Dr. Shekhar Kedia’s interview with Bio Patrika hosting “Vigyan Patrika”, a series of author interviews. Dr. Kedia is Postdoctoral fellow in the lab of Dr. Deepak Nair at Centre for Neuroscience, Indian Institute of Science (IISc), Bangalore, India. Dr. Kedia published a paper titled “Alteration in synaptic nanoscale organization dictates amyloidogenic processing in Alzheimer’s disease” in iScience (2020) as a first author.
How would you explain your paper’s key results to the non-scientific community?

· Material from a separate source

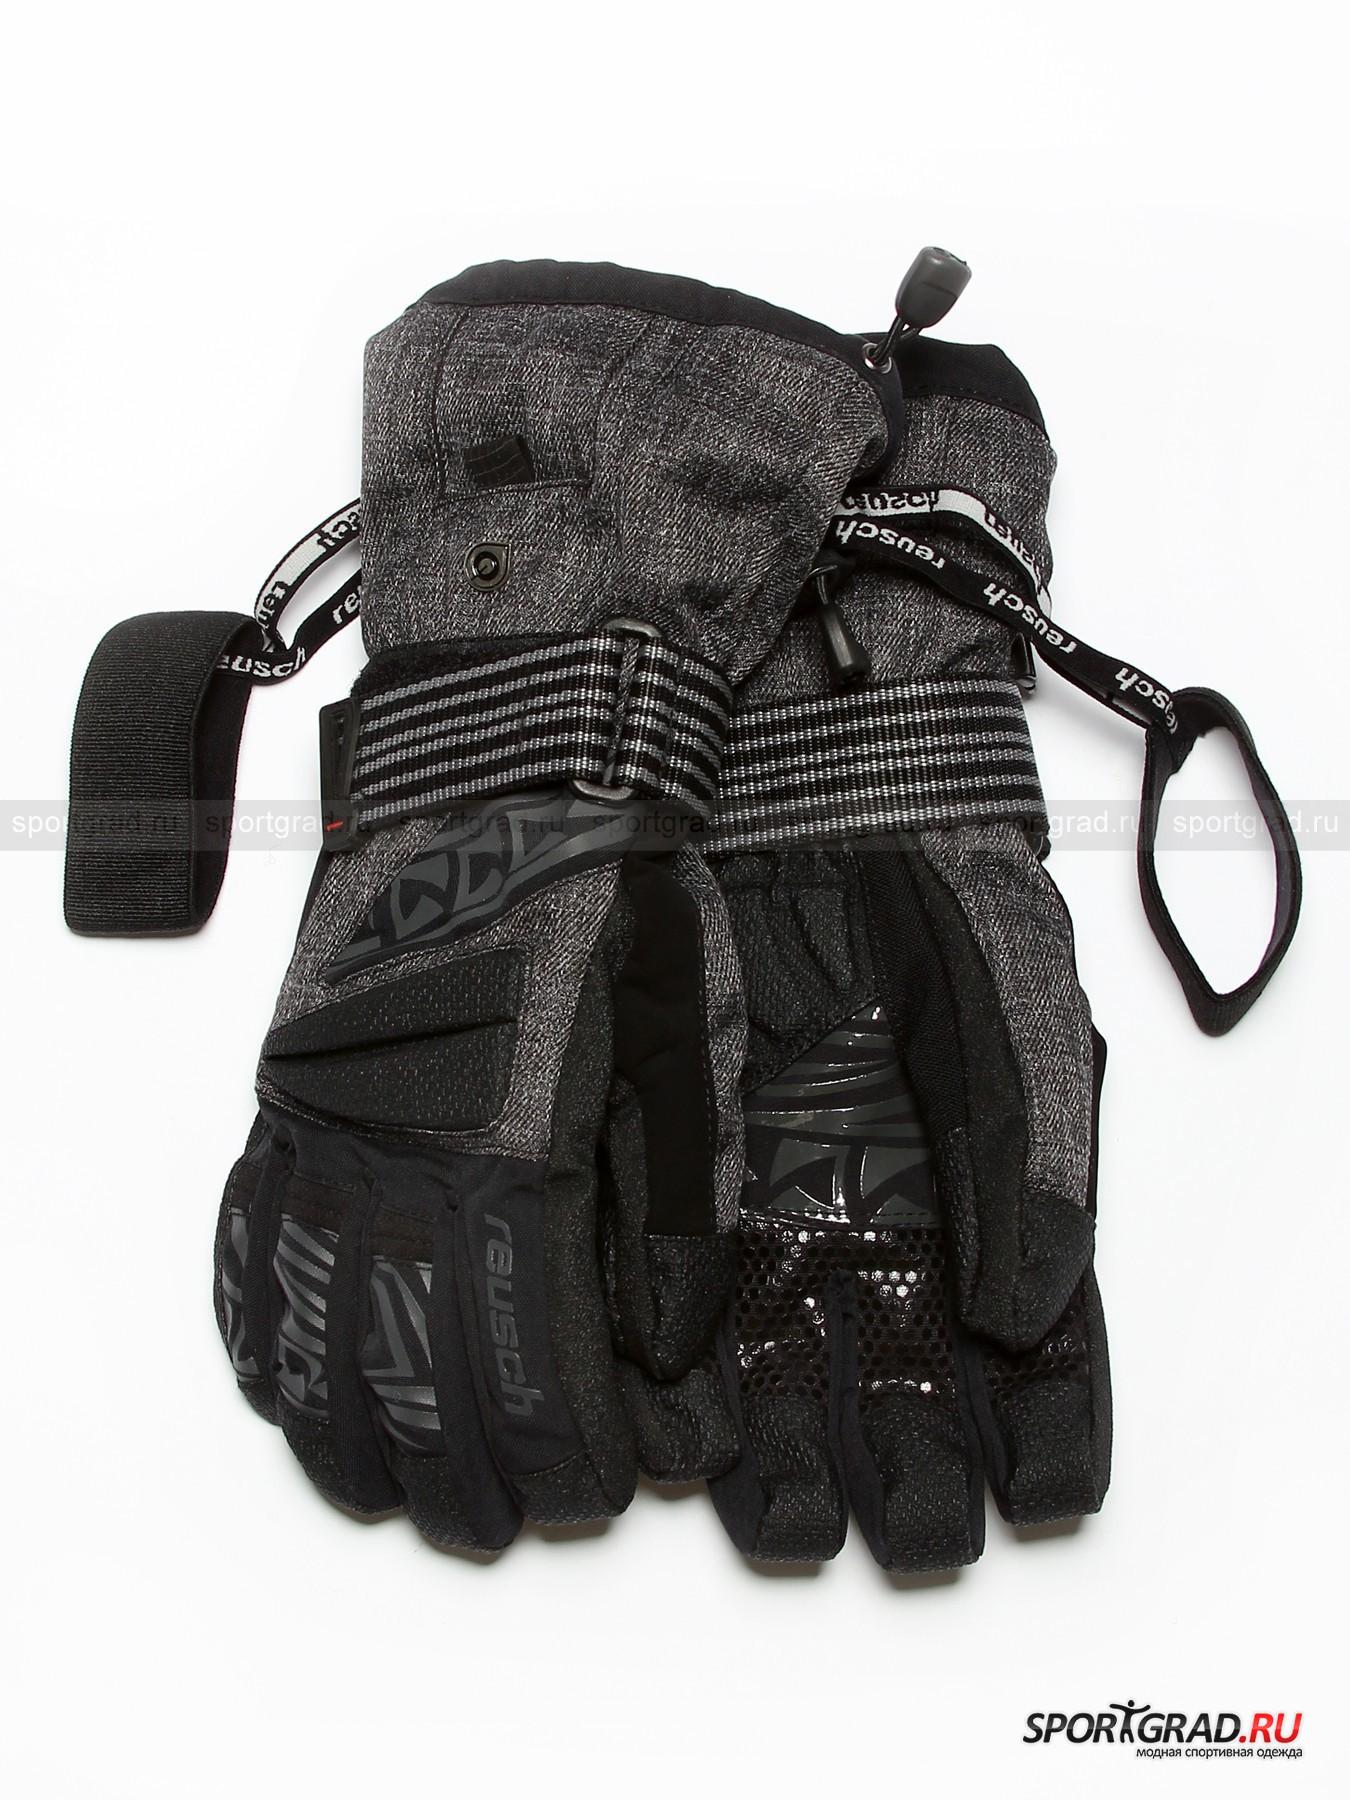 Перчатки мужские горнолыжные Sweeber R-TEX XT REUSCH от Спортград

Neurons are the fundamental building blocks of the brain. Synapses are connections that dictate the efficiency of the flow of information between neurons transmitting a signal from the presynaptic neuron to the postsynaptic counterpart (Fig. 1). The alterations in the molecular makeup of the synapses are implicated in a variety of diseases. It is also believed to affect higher cognitive abilities, like learning and memory. Neurodegenerative diseases like Alzheimer’s disease (AD) are postulated to begin as a synaptopathy, i.e., illness of synapses. In AD, peptides called Amyloid beta (Aβ) are deposited in several brain regions, leading to memory loss. Aβ is derived by the breakdown of a protein called Amyloid Precursor Protein (APP) by the sequential action of enzymes called Secretases through the amyloidogenic pathway.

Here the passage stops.